A brief scuffle and a short, frightened cry made me pause again, but when silence followed, I gathered my courage again and poked my head around the building.

It was dark out there, lit only by the glow from the street lights in the parking lot. I could make out two shapes in the gloom, one on top of the other. The one on the ground wasn’t moving. Over the sound of my quickening heartbeat, I heard a strange, wet crunching sound that reminded me of my dog chewing on a cow bone.

As my eyes adjusted to the gloom, I realized it wasn’t Tawny lying there, so still.

It was the trucker.

Tawny was crouched on top of him. At least, it was a thing that resembled Tawny. It had the same cropped top and cut off jean shorts, the same boots with pink accents, the same long, dyed red hair, but this…thing’s head had split vertically, clean down the middle, and a row of long teeth glistened even in the dim light. As I watched, it dipped down and tore a chunk of flesh out of the trucker’s stomach.

A squeal of terror that I hadn’t even been aware of erupted out of my mouth.

The creature that Daddy had called Tawny twisted suddenly, its split head releasing a hiss, and those dark eyes she’d fixed on me earlier rolled towards me again.

I screamed properly that time. My book fell from my hand and I scrambled back towards the diner’s door, away from Tawny and the unmoving trucker. I was sure she’d be behind me, pursuing me, trying to sink her teeth into me, and it made me cry out again, desperately wailing for my daddy.

He caught me in his arms at the door and yanked me inside.

I pointed and shouted that the lady ate the man, but Daddy just carried me to the counter and sat with me on his lap and told me gently to shush, that it was ok. The other truckers and waitresses carried on with barely a glance towards us.

“Daddy, Tawny, she-she…” I couldn’t even say the words. I’m not even sure I had them at the time. What I’d just seen was too far outside of the sheltered realm of my childhood.

“Don’t pay no mind to Tawny,” he said quietly.

“But she —”

“She been here a long time, Sawyer,” he kept his voice low and soothing and I could see him trying to decide how much he wanted to tell me. “As long as you don’t bother her, you don’t gotta be afraid of her.”

“But there was a guy!”

“There are lots of guys, son, and they ain’t all good.”

There were women in the world, Daddy told me, who had to do things that could be dangerous in order to get by.

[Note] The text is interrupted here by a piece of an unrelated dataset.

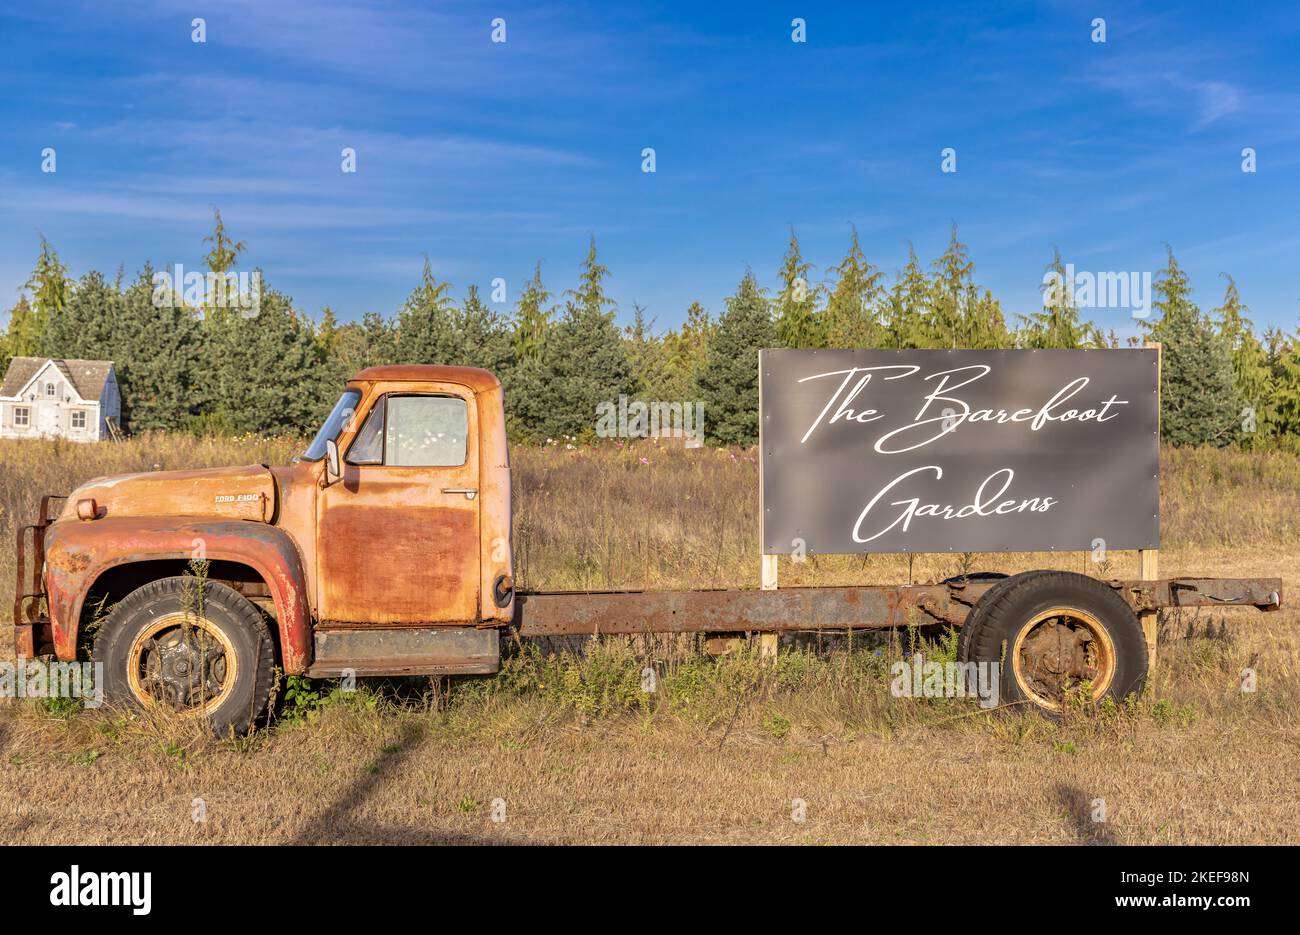 An old truck advertising the barefoot gardens Stock Photo

Women who looked like Tawny and hung out at truck stops, waiting to keep the truckers company. Sometimes, bad things happened to those women, but because of what they did, most people didn’t care and nothing was done.

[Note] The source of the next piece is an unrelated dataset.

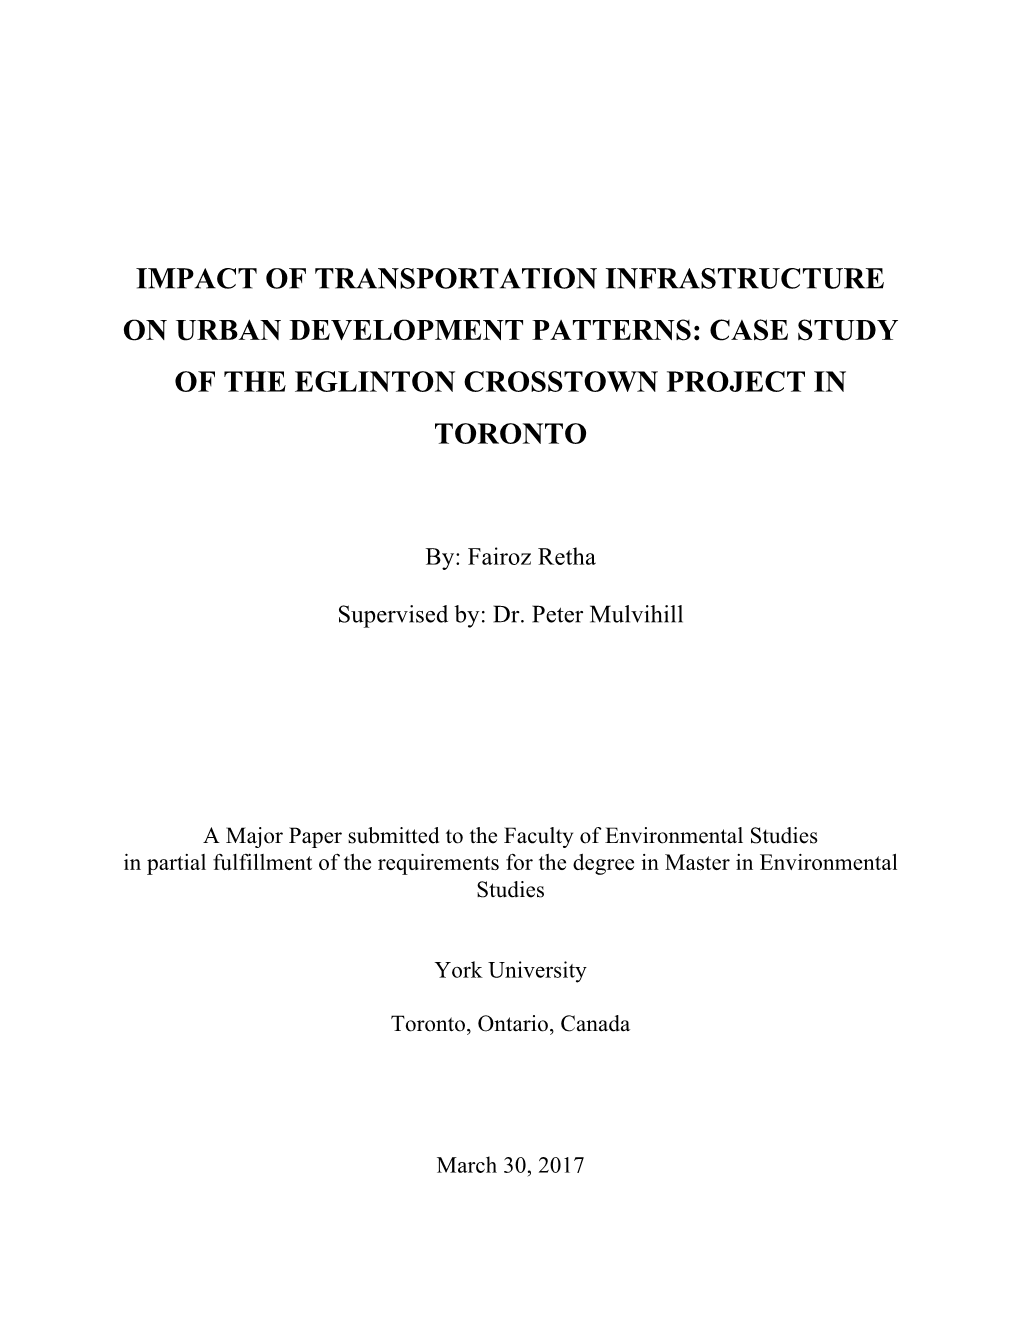 Impact of Transportation Infrastructure on Urban Development Patterns: Case Study of the Eglinton Crosstown Project in Toronto

And nothing is exactly what had been done when a 20 year old girl with dyed red hair in a crop top, cut off jeans, and boots with pink accents went missing twenty years before.

She’d been working around the truck stop for a couple months when she disappeared. People agreed it had to have been one of the truckers, but trying to track down which one it was was viewed as a waste of time and resources.

Tawny McMichaels was all but written off and forgotten.

Right up until the rumors started. People who knew of her claimed that they’d seen Tawny at truck stops all over the state, although the one we were at, where she’d disappeared from, was the most popular place; always wearing the same thing, always after dark. She was friendly, they’d say, but never approached anyone. She let them come to her.

The older guys, the ones who’d been on the job awhile like Daddy, steered clear of Tawny. They were a superstitious lot and they accepted and believed things more readily than a lot of others might without question; Tawny was one of those things. The younger ones who didn’t know any better, though, were another story.

They were given three chances, or so the tale went.

Three chances to turn back after Tawny said no.

Three chances to walk away.

Three chances to live.

Tawny was more fair than others had been to her.

“Is…is she a monster, Daddy?” I whispered, my fear making it impossible for me to speak any louder.

His mustache bristled slightly. “You know how I’m always telling you to be respectful, mind yourself, be kind, right up until someone comes begging for a lesson?”

I nodded into his shoulder.

“Tawny ain’t a monster, boy,” he said, “she’s just the hardest lesson some people are ever gonna learn.”